--- Instructions for the task ---
Your task is to copy the lines of the data below from the line holding "assassins-creed-gallery-04-gallery-image.jpg" through the line holding "Carter High Waist", inclusive, exactly and with nothing added.

[Stored dataset items]
%%
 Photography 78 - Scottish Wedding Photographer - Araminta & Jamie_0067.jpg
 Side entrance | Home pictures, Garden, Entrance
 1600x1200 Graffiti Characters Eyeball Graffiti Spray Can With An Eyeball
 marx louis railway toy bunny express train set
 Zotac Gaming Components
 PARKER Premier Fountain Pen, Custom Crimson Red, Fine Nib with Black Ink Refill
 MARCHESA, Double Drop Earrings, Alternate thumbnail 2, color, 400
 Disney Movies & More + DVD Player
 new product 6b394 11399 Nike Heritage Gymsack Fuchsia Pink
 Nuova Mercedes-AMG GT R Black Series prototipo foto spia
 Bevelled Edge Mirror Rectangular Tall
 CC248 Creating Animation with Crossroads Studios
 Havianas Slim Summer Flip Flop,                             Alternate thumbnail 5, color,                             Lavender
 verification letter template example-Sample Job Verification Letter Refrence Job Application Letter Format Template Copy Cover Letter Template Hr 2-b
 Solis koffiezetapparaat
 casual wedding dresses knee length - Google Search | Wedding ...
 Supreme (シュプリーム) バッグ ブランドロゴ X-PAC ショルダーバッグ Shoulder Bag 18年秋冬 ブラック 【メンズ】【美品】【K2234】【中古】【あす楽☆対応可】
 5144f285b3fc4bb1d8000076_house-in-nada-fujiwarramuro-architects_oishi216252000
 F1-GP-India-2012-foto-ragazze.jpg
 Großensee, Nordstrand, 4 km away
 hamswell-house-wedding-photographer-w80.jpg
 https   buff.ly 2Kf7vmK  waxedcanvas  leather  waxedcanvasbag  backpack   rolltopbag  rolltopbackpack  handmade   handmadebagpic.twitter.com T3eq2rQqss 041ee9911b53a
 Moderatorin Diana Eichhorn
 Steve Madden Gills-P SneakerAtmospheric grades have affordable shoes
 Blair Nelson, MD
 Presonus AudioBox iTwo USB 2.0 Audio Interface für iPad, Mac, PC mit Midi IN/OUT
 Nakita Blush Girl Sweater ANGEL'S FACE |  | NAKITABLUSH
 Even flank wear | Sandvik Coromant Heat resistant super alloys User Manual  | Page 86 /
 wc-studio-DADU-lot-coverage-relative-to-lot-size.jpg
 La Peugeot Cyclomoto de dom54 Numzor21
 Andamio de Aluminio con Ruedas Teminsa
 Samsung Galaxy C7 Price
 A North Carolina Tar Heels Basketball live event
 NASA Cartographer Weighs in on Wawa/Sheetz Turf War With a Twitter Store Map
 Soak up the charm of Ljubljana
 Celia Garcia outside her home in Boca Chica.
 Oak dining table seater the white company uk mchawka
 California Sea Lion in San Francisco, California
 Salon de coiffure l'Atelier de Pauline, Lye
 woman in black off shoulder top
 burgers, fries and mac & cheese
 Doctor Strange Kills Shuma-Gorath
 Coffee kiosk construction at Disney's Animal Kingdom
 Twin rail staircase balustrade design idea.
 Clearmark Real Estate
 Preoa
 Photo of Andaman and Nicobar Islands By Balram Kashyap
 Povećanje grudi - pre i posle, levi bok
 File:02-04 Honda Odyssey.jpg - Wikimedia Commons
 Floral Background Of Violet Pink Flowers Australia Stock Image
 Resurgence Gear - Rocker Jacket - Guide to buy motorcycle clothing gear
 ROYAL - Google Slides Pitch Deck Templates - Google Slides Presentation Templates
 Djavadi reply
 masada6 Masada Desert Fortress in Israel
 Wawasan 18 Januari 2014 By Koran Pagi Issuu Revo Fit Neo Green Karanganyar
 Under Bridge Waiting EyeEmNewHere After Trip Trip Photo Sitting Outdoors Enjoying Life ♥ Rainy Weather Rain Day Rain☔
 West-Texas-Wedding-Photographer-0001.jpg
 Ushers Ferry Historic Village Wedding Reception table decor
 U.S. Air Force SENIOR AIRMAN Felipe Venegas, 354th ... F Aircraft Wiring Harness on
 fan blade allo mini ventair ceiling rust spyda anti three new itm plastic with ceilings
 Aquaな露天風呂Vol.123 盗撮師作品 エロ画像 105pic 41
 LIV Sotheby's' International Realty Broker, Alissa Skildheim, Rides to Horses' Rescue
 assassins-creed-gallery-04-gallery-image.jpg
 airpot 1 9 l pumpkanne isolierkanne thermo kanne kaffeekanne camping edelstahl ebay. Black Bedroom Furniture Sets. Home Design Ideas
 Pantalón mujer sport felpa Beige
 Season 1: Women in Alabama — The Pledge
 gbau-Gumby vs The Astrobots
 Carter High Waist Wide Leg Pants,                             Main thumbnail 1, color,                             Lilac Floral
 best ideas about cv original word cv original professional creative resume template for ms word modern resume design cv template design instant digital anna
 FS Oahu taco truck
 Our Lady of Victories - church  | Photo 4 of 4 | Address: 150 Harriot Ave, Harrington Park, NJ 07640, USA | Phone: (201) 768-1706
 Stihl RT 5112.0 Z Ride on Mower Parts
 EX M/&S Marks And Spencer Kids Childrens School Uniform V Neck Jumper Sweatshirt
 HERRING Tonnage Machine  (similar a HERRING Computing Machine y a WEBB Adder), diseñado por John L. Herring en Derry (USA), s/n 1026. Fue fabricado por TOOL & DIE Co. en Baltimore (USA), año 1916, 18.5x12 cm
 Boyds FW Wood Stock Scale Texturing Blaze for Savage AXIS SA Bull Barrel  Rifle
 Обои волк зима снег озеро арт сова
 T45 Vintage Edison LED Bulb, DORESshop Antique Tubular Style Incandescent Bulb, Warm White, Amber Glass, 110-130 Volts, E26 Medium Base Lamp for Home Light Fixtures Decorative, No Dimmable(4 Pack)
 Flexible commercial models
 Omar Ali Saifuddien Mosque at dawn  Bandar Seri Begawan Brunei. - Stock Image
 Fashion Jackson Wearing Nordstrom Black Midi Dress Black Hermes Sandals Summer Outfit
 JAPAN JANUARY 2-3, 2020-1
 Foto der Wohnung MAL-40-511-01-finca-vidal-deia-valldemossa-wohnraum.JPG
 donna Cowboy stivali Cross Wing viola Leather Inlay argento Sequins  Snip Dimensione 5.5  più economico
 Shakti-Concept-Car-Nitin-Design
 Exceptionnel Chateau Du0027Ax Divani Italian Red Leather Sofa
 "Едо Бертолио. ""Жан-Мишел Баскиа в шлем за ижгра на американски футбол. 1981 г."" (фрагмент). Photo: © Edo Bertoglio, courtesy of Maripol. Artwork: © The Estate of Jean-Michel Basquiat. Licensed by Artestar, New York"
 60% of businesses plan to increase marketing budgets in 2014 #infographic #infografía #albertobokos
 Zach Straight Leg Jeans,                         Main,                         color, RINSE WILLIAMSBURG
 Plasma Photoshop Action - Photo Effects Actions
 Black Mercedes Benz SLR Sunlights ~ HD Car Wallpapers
%%
--- Result for this task ---
 assassins-creed-gallery-04-gallery-image.jpg
 airpot 1 9 l pumpkanne isolierkanne thermo kanne kaffeekanne camping edelstahl ebay. Black Bedroom Furniture Sets. Home Design Ideas
 Pantalón mujer sport felpa Beige
 Season 1: Women in Alabama — The Pledge
 gbau-Gumby vs The Astrobots
 Carter High Waist Wide Leg Pants,                             Main thumbnail 1, color,                             Lilac Floral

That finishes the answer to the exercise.